Mientras murmuraba y hacía gestos para mí mismo y fregaba el suelo, un hombre se me acercó y me preguntó: «¿Estás buscando cigarrillos?»
«Sí, ¿tienes uno?»
El hombre me miró con una expresión de dolor y repugnancia. «¿Puedes llevarte lo que encuentres por la calle para que no tenga que mirarte?»
Psicosis Lecturas esenciales
Pasarían meses antes de que estuviera completamente fuera de la psicosis y fuera capaz de comprender el disgusto detrás de los ojos de los extraños cuando me miraban hablando solo en público. Una vez que me di cuenta, me obsesioné con demostrar que mi poesía espontánea hablada tenía sustancia.

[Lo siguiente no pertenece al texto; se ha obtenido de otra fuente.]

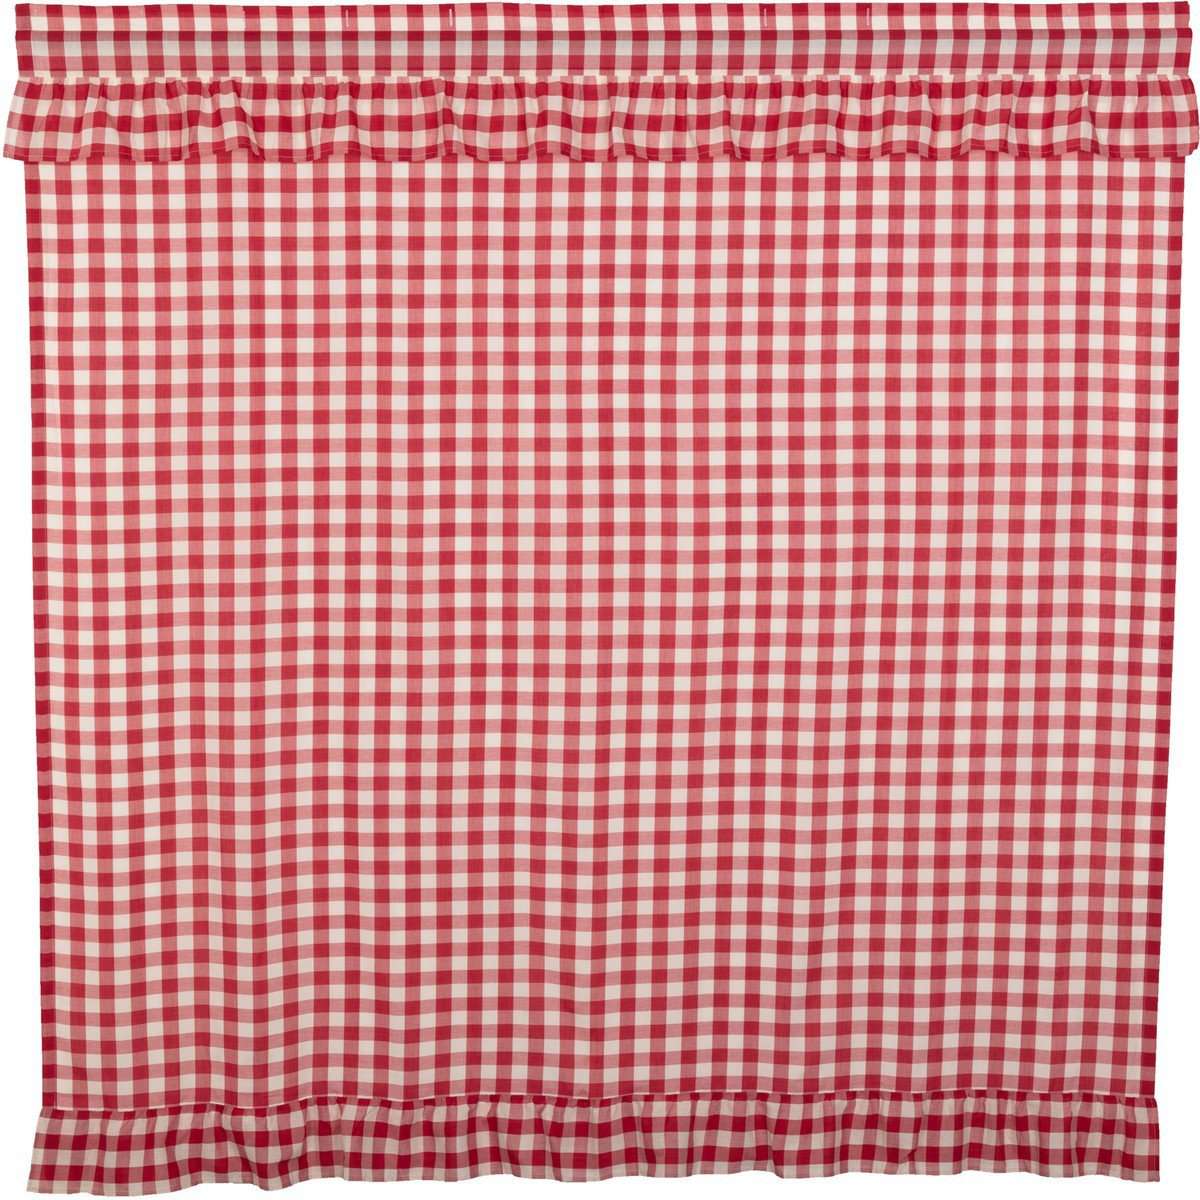 Annie Buffalo Black/Red Check Ruffled Shower Curtain 72"x72" curtain VHC Brands

Mi primera participación en el grupo de escritura al que me uní dos meses después de la sala de psiquiatría fue un intento de una pieza de pensamiento que articuló el argumento de Gossip Girl que hice mientras buscaba colillas de cigarrillos. Todos los miembros de mi grupo de escritores tenían la misma pregunta: ¿Por qué estás escribiendo sobre un programa de televisión que terminó hace 10 años?
Mis reflexiones esquizofrénicas no se traducen bien en piezas de pensamiento. Pero eso no significa que no fueran hermosas a su manera. Eran palabras pronunciadas espontáneamente, libres de la presión de las expectativas y reacciones de los demás, una verdadera corriente de conciencia. En mi realidad, ya era la persona más poderosa, famosa y popular que jamás haya existido, así que pronuncié esas palabras porque pensé que eran significativas, no porque quisiera que los demás las aprobaran.
A veces, todavía me sorprendo expresando mis pensamientos y recuerdos en voz alta en público en mi paseo diario por el lago Merritt en Oakland. Así es como sé que mi cerebro se está volviendo almizclado y que es hora de tomar mi medicación de rescate o llamar a mi psiquiatra. Pero antes de tomar una pastilla o hacer la llamada, saboreo las palabras que se manifiestan en mi cerebro como por arte de magia.
Vienen tan rápido que no puedo escribirlos en el momento; solo puedo aproximarme a ellos más adelante. Pero puedo vivir en esas palabras, al menos por un momento, si las digo en voz alta cuando vienen a mí. Son las palabras más auténticas que jamás he creado, y son mías. están en casa.